Выбрать главу

Уже с первых же кадров фильм поражает своей напряженной экспрессией. Скупые, точно найденные детали. Панорама древнего города, отраженного в воде, словно возникающего на наших глазах из предания в голубоватой сказочной дымке. Тревожно, призывно звонит колокол. На берегу — перевернутые лодки. Воин ведет под уздцы лошадь. Брошены без дела плуг и топор. В горнице качается пустая люлька и догорает свеча. Ратники прощаются с женами и матерями. Так несколькими скупыми деталями воссоздана обстановка. Выразительная и броская живописная манера, в которой художник говорит языком символов и метафор, позволяет передать и стелющийся по полю туман и густые темные силуэты облаков, скрывающих приближающегося противника — татарские полчища.

Но, может быть, самое поразительное в фильме — это то, как изображена на экране сама битва. Благодаря высокому мастерству монтажа стопкадров и "одушевления" фигуры, выхваченные из древнерусских фресок и икон — искусства, казалось бы, совершенно иного по своей природе и принципиально статичного — приобрели стремительный динамизм, органично вошли в новое художественное целое. Гармония изобразительного и музыкального начал, полный отказ от какой бы то ни было иллюстративности в их соподчинении подчеркивают это впечатление законченности.

В изображении битвы все кинематографично, все построено на точном монтаже, остром сопоставлении кадров, передающих сначала атмосферу грозного противостояния, а затем ожесточенного сражения. Князь, стоящий у заграждения с дружиной. Мчащееся татарское полчище. Развевающиеся знамена, мечи русских воевод и ратников. Взмахи кривых татарских сабель. Смешавшиеся в схватке ряды, вздыбленные кони, врезавшиеся в самую гущу рубящихся. Натянутая тетива луков, летящие стрелы, падающие тела убитых — так создается экспрессивная, многокрасочная картина сечи. Мы видим лицо князя, неколебимо стоящую дружину воинов и затем общий план поля битвы — отступающее татарское войско.

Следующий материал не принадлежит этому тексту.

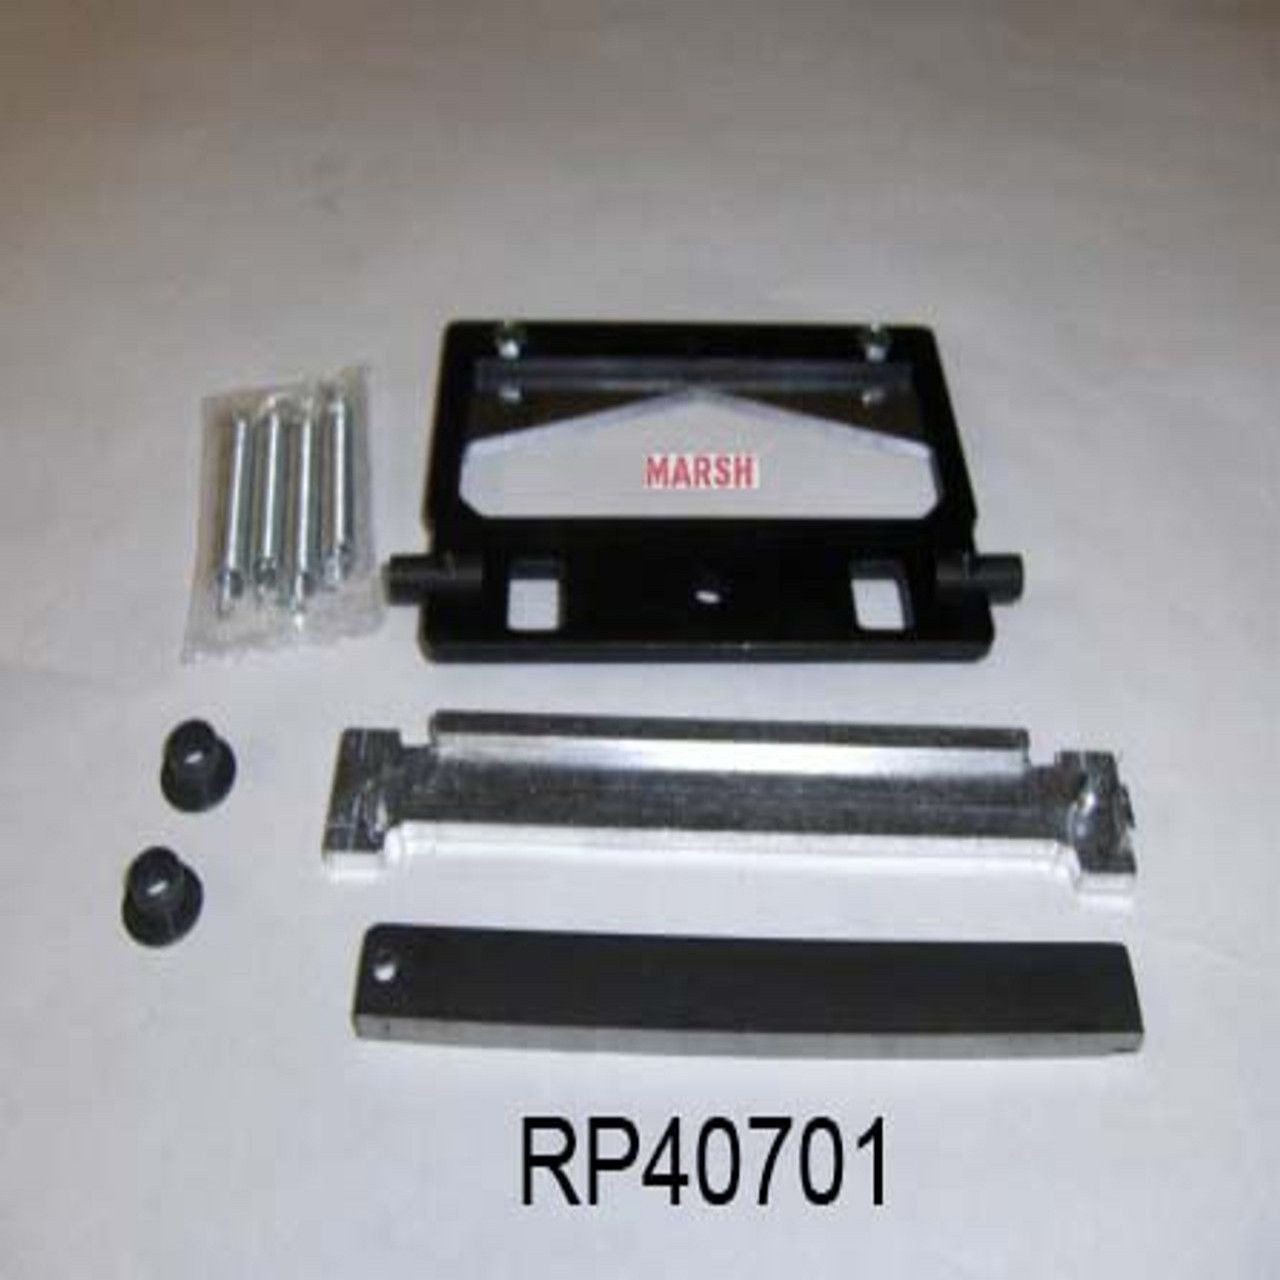 Marsh Part RP40701 (CUTTER REPLACEMENT KIT TD2100)

В мультипликации редко приходится говорить о мастерстве самой съемки. Но в "Сече при Керженце" умело использованы разнообразные оптические приемы, значительно усиливающие эмоциональнопоэтическое воздействие фильма, помогающие сделать более выразительным и динамичным романтико-живописный строй картины, в которой фантастика народной легенды гармонично сочетается с героико-патриотической темой. Будто омытая солнцем, высветляется величественная фигура жены князя, цвета и краски словно становятся подвижными, переливчатыми и оживают. Из воды, подобно воплощенной легенде, вновь возникает сказочный древнерусский город. Снова руки плотников берутся за топоры и тешут бревна для изб и лодок, землепашец шагает с сохой, которую тащит лошадь. Босые ноги идут по вспаханной земле, в ее борозды падают первые зерна. Молот стучит по наковальне. Руки разламывают краюху хлеба. Играют дети в свои игры, мирно трудятся горожане. За всем этим стоит русское войско. И снова в высвечивающемся кадре скачут на деревянных лошадках мальчишки. Так кончается этот фильм, прославляющий жизнь, ее творческое начало, мужество и трудолюбие народа как высшие ценности на земле.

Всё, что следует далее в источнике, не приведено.